Но после вручения диплома, советские власти заявили афганскому выпускнику, что интернационализм, конечно, интернационализмом, но надо и совесть иметь, и пора бы ему уже возвращаться на родину, чтобы там на практике применить радиоинженерные принципы Марксистко-Ленинской технологии.
Афганистан радостно встретил своего, похеренного шуравимами, сына, и Ассаду было заявлено, что он, как инженер радиомарксизма, с армейской рацией за плечами, должен послужить на благо отечества.
Но в Афганистане всё делается исключительно через родственные связи. И умирают там, конечно, тоже только по блату. Двоюродный дядя Ассада, Наджиб, уже стал начальником стройки, так как смог доказать, что вопрос строительства здания КГБ для него равносилен вопросу построения коммунизма во всём мире. Естественно, что такому важному человеку, как главный строитель КГБэшного коммунизма, было не обойтись без радиста, который передавал бы в Москву шифровки о расходе строительных материалов.
Когда Ассад попал под начало Наджиба, он с удивлением обнаружил, что у того не только нет рации, но и самих строительных материалов. Высота стены будущего здания КГБ не позволяла верить, что прошло уже пять лет с тех пор, как двоюродный дядя Ассада, еще будучи каменщиком, клал на неё свои красные кирпичи. Потом, видимо, он на неё положил болт. Рабочих на строительной площадке не было, и казалось, что они просто вышли на длительный обеденный перерыв, который не заканчивается никогда. Наджиб в ответ на удивление родственника сказал, что строительство коммунизма - это очень сложный и длительный процесс, нуждающийся в особом диалектическом подходе. Диалектический же подход заключается в отстаивании левых взглядов, с тем чтобы всё разворачивать налево. Будучи идейно грамотным работником, Наджиб за эти годы успел возвести себе два особняка из красных кирпичей, и, если бы в первый из них не попала советская бомба, а в другой душманский снаряд, он, по собственному признанию, давно бы уже построил коммунизм в отдельно взятой семье.
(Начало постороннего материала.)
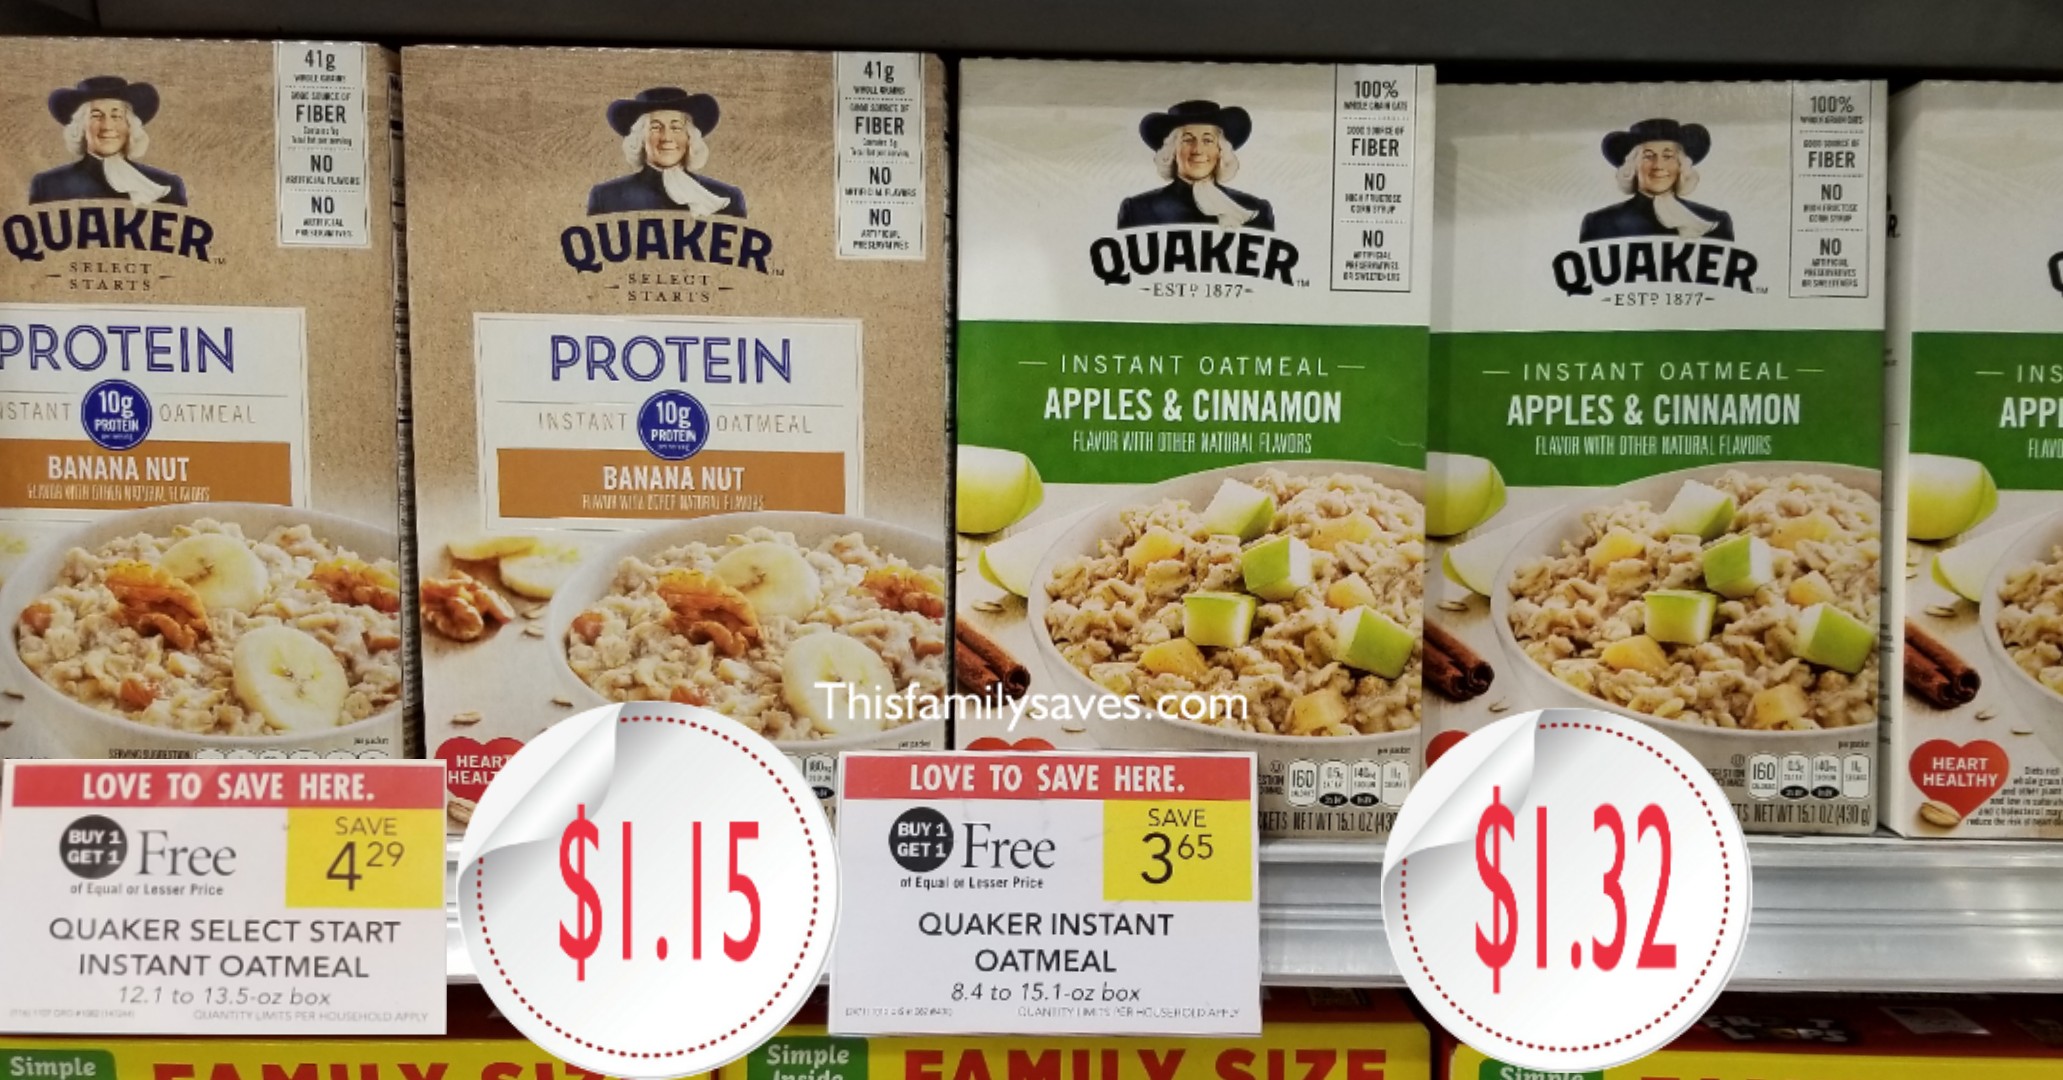 Quaker PROTEIN Instant Oatmeal (Only $1.15 each) – Quaker Instant

Ассад около года самоотверженно помогал своему двоюродному дяде и его соратникам в проведении коммунистического обеденного перерыва, и, по собственному признанию, за это время съел больше плова, чем за всю свою предыдущую жизнь. Но в один прекрасный день, зайдя в кабинет своего родственника, он увидел Наджиба, сидящего с вытянувшимся лицом. Перед ним лежала советская медаль и указ о награждении следующего содержания: "За проявленные мужество и героизм в деле твердого претворения в жизнь линии Коммунистической партии Советского Союза, а также за неуклонное следование принципам Марксистоко-Ленинской идеологии, наградить Наджибулу Тотахела медалью "За храбрость" посмертно". На следующий день Наджиб пропал, и никто его больше не видел.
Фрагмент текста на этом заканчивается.